Когда эта слабосильная команда явилась ко мне военным строем и на мое приветствие ответила отчетливо: «Здравия желаем вашему высокородию», — я почувствовал огромное облегчение.

Эти люди, понимавшие, что только добросовестная работа в отряде спасает их от жизни в окопах под вечным страхом увечий и смерти, вели себя образцово и безукоризненно исполняли свои обязанности.

Так постепенно организация земских и городских отрядов, приспособляясь к условиям войны, отклонялась от заранее установленной теоретической схемы.

В конце октября я приступил к формированию своего отряда. Хотя я имел за собой солидный стаж земского деятеля, но знал себя за человека весьма малопрактичного, да и в своей земской работе я заведовал преимущественно отраслями «нехозяйственными» (статистика, страховое дело, народное образование). Поэтому я постарался пригласить себе в помощники двух практических людей. Мой выбор остановился на горном инженере И. А. Рейнвальде и на рекомендованном мне сибирскими депутатами томском коммерсанте А. А. Евсееве. В этом выборе мне впоследствии не пришлось себя упрекать. Пылкий и увлекающийся Рейнвальд вносил много инициативы в наше общее дело, в котором весьма пригодились его технические знания, а спокойный, хотя несколько ленивый, Евсеев, впоследствии сам сделавшийся уполномоченным одного из сибирских отрядов, хорошо разбирался в нашем сложном хозяйстве.
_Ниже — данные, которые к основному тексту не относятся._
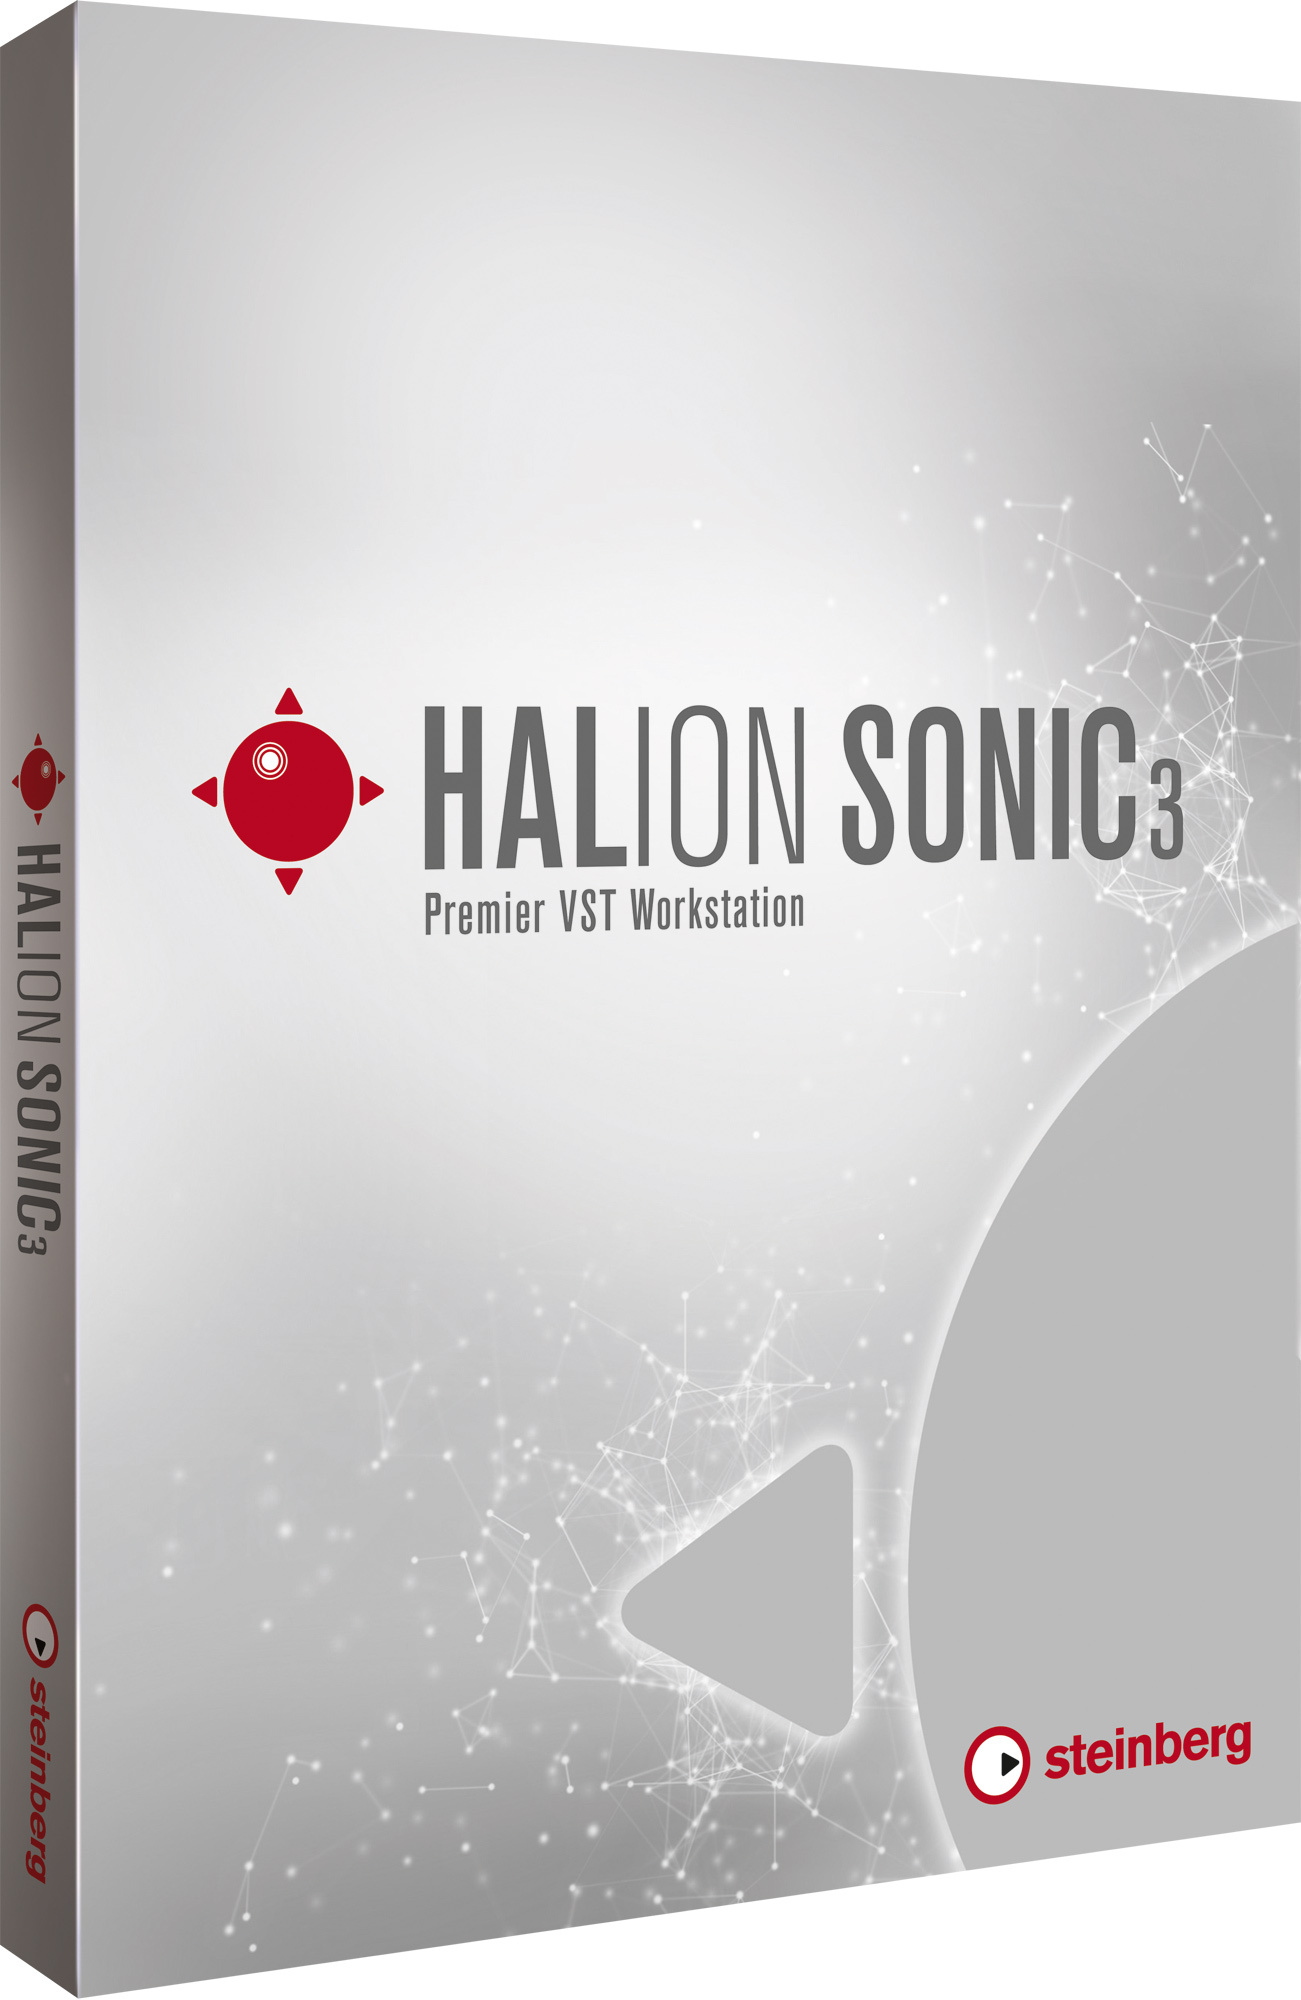 Steinberg Halion Sonic 3 - Sound Librerias y sample - Main picture

Кроме этих двух моих непосредственных помощников, должность заведующей хозяйством взяла на себя моя коллега по ЦК кадетской партии А. В. Тыркова, которую я знал еще с детских лет. Эта умная и талантливая женщина все же мало подходила для практического дела, которое ей скоро надоело, и через два месяца пребывания на фронте она покинула мой отряд. Впрочем, уже при ней внутреннее хозяйство отряда перешло в руки моей жены, поехавшей со мной на фронт в качестве заведующей бельем.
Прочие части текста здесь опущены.